## WORK REQUIRED
Could you give the listing again exactly, without its pictures?

## PROVIDED MATERIAL

====

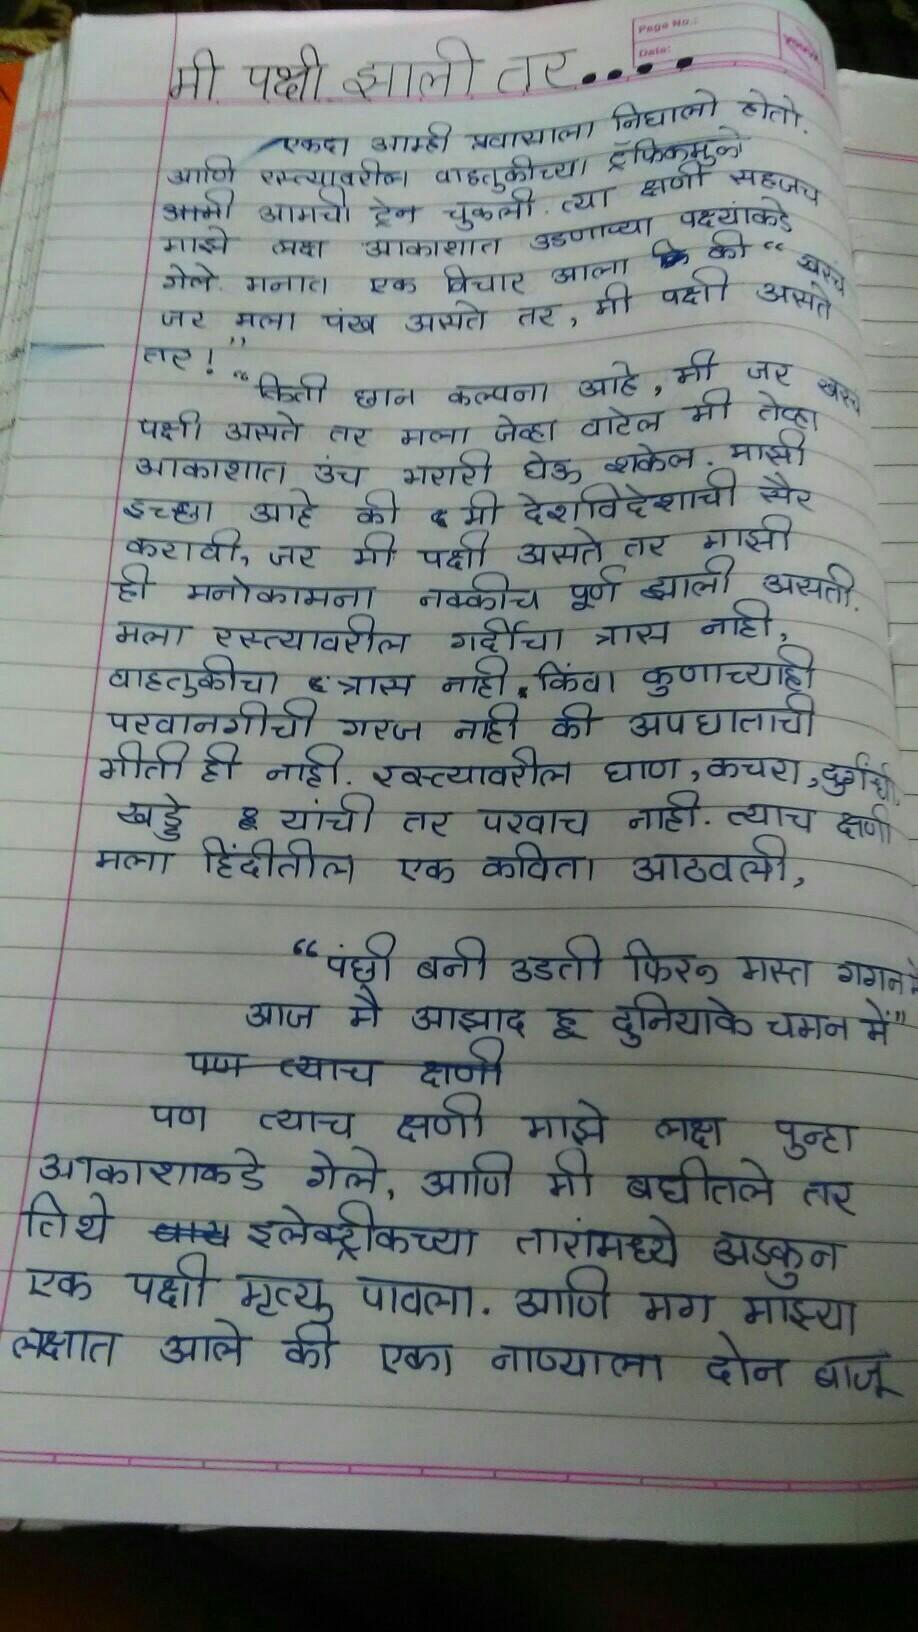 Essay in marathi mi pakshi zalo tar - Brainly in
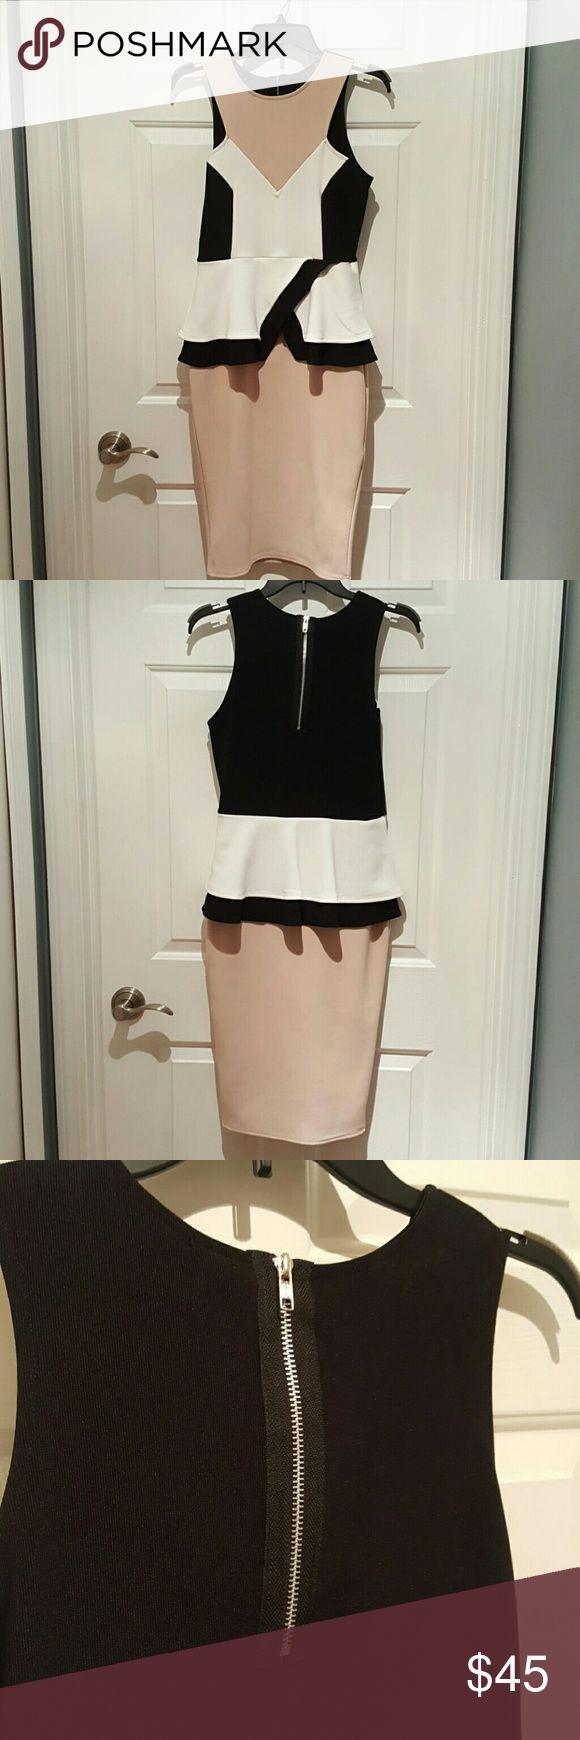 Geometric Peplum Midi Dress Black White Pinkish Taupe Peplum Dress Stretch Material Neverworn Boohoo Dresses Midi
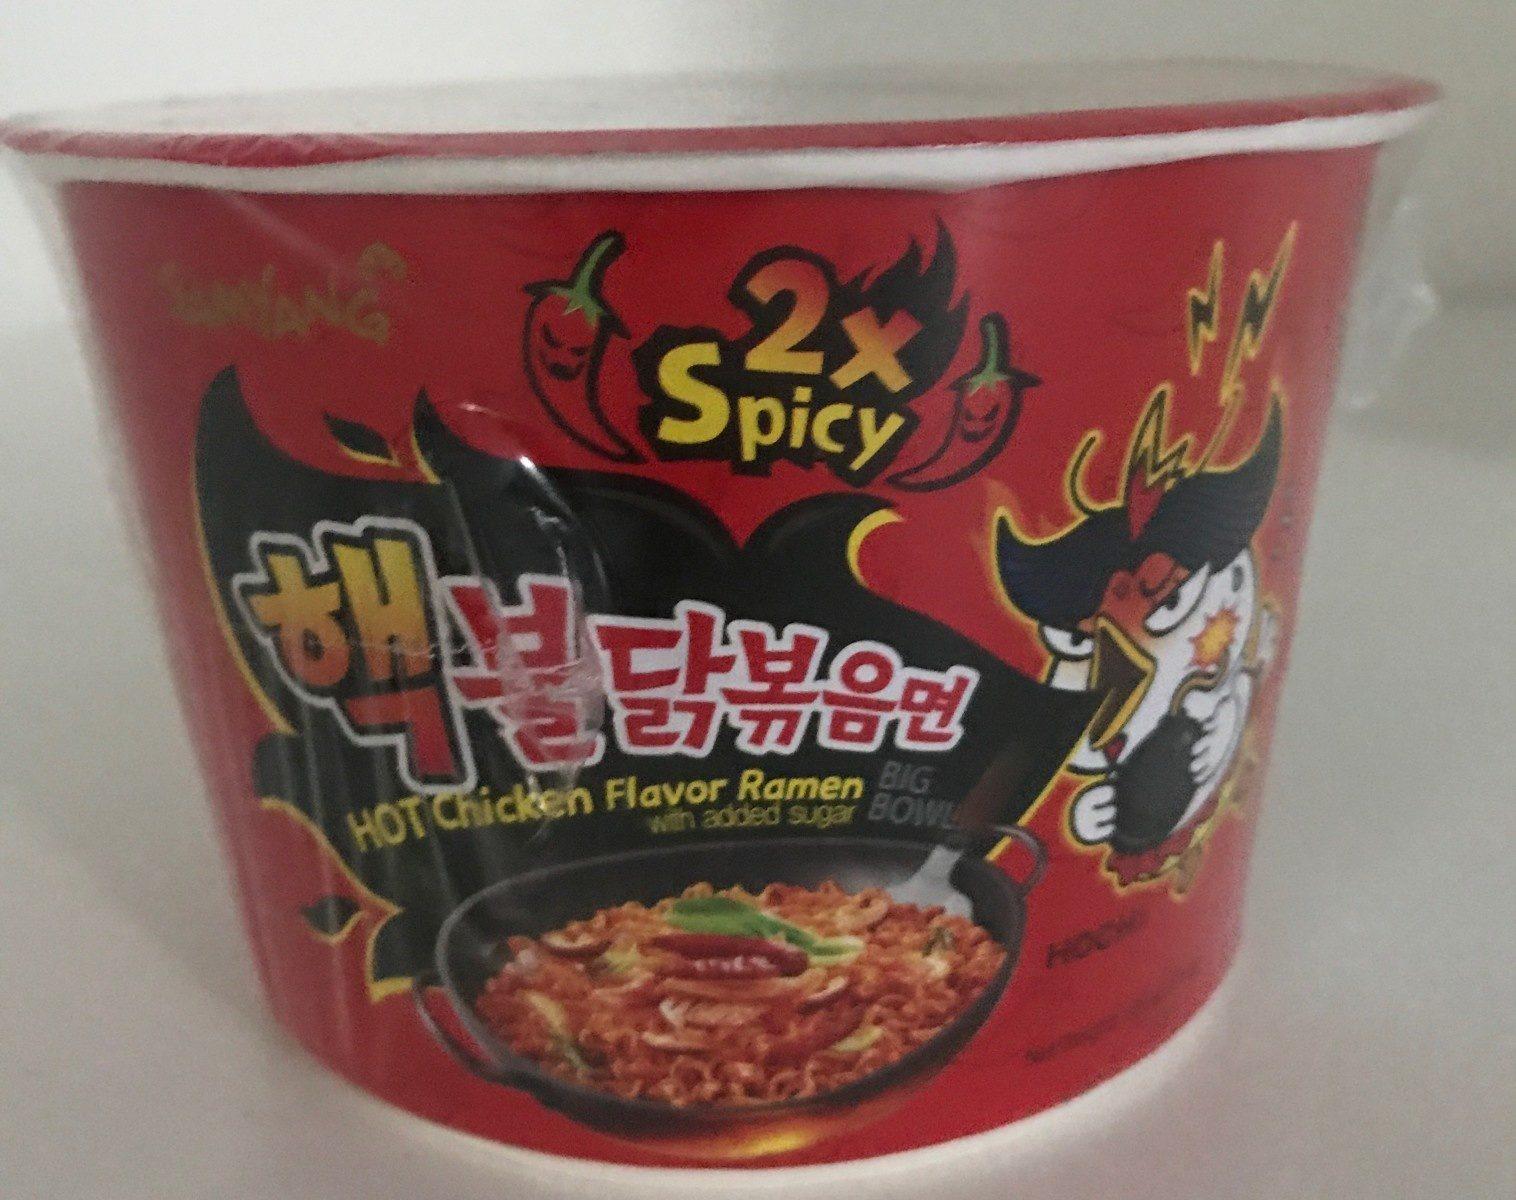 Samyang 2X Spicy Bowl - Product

====

## EXERCISE RESULT
 Essay in marathi mi pakshi zalo tar - Brainly in
 Geometric Peplum Midi Dress Black White Pinkish Taupe Peplum Dress Stretch Material Neverworn Boohoo Dresses Midi
 Samyang 2X Spicy Bowl - Product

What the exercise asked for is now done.